Gaddis starts his fireside story by invoking Orwell's 1984. The point: well, guess for yourself, and remember, stick to the numbingly obvious, because we're in "Duh!' territory here. Yes, you guessed it: Gaddis's point is that Orwell's dystopia didn't happen. And therefore, all is well. A strange logic -- a fan's logic, not even meant to stand serious questioning and grounded in a typically naive American view of Orwell's ideology and indeed of the entire history of "the West," as exemplified by this Mormonic assertion that Americans "could plausibly claim, in 1945, to live in the freest society on the face of the earth."


Digg!

John Dolan is an editor of the Moscow-based English-language alternative paper, The eXile. He is the author of, most recently, Pleasant Hell (Capricorn, 2005).

Liked this story? Get top stories in your inbox each week from AlterNet! Sign up now »


Advertisement

 

Comments Turn comments off sitewide Give us feedback »
Comments closed.
The comments for this story have been closed.

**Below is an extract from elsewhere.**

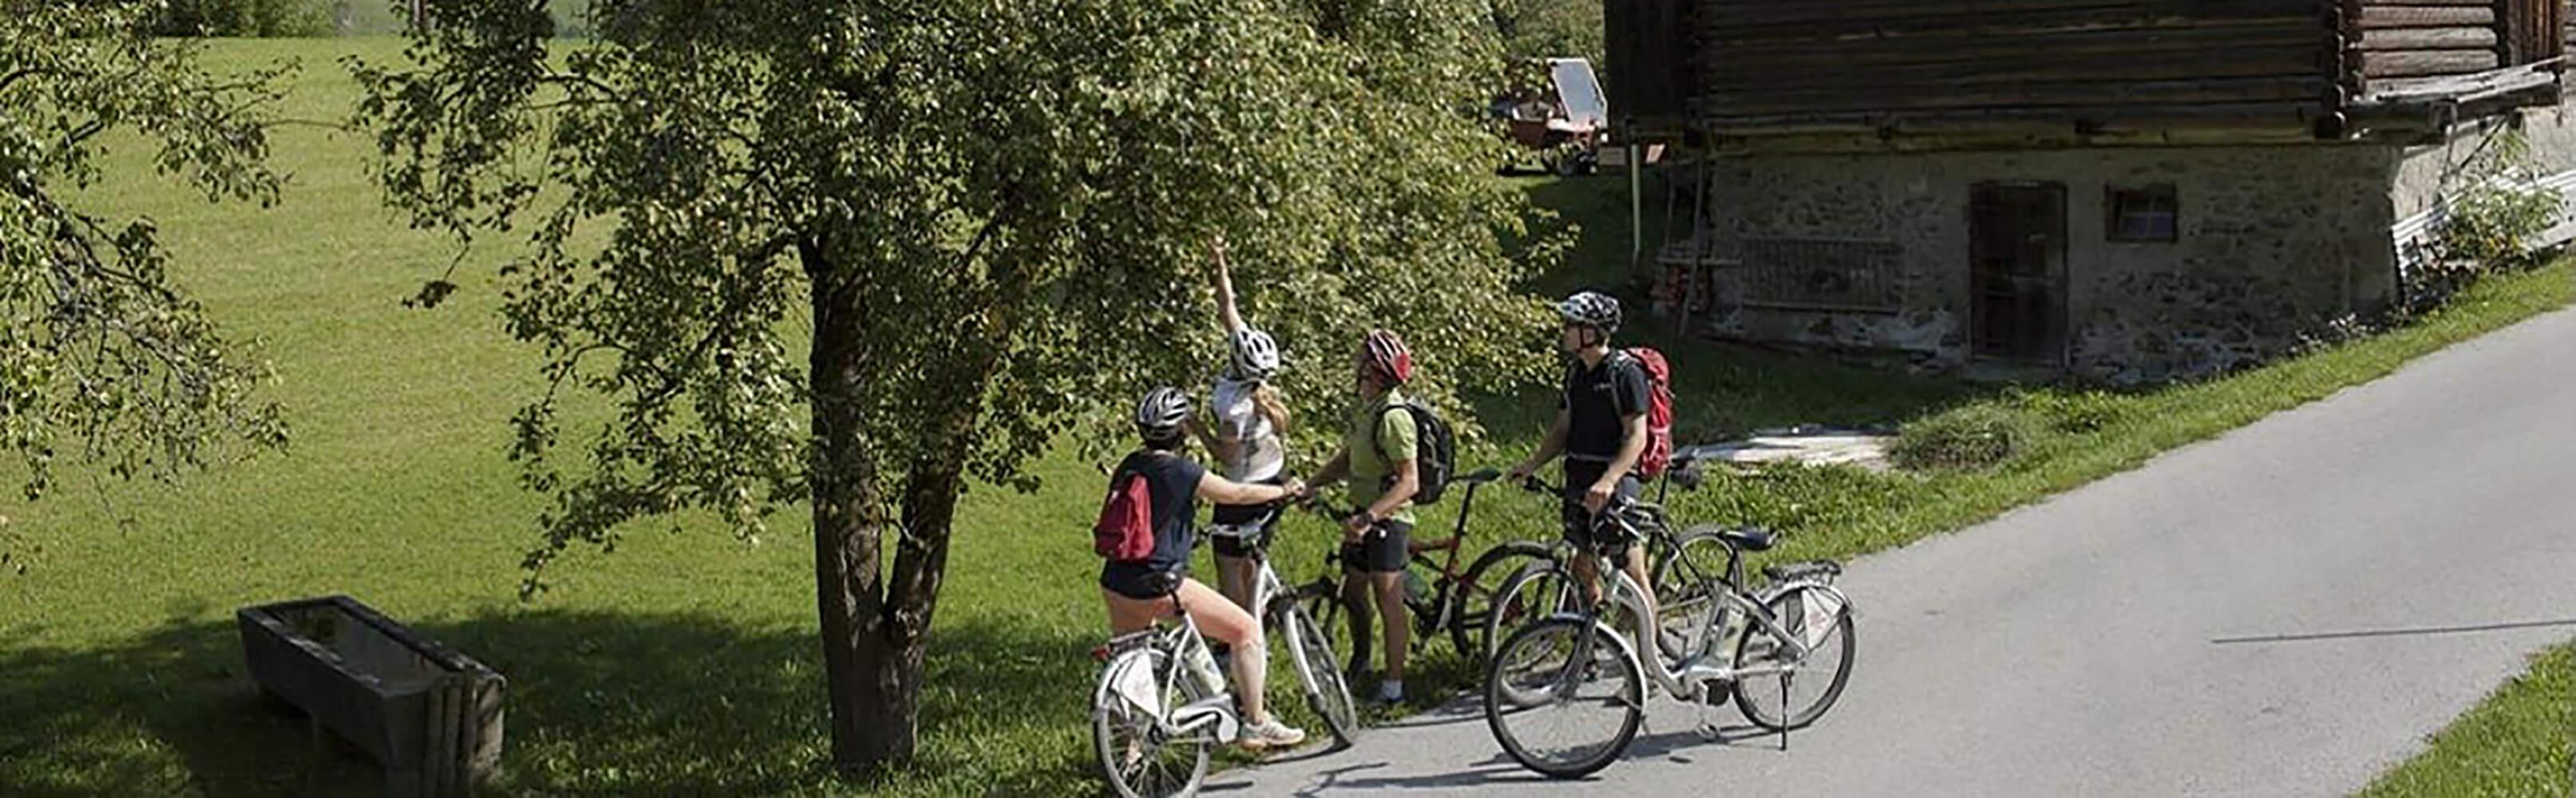 Tirol - Genuss-Radfahren 1

Thank you to everyone who participated.
View:
Westminster Abbey, The Tower of Big Ben; The Rosy Red Cheeks of the Little Child-ren
Posted by: sheeplepeeple on Jul 5, 2006 3:45 AM   
Current rating: Not yet rated    [1 = poor; 5 = excellent]
John Dolan is a wicked good writer! He is also "Gary Brecher, The War Nerd."

What the heck is this site doing reprinting his writing?! (Chortle!)

In fact, some of the best writing available anywhere is done on the Exile site by dolan and mark ames. And Matt taibbi is still available through the archives. All three would have already been rich if it weren't for the fact that they are hardcore leftists (though not really of the same variety found, oh, around here, for example.). I suspect that they will soon shed the leftism and reap the benefits of their talents. Money always wins out over principles.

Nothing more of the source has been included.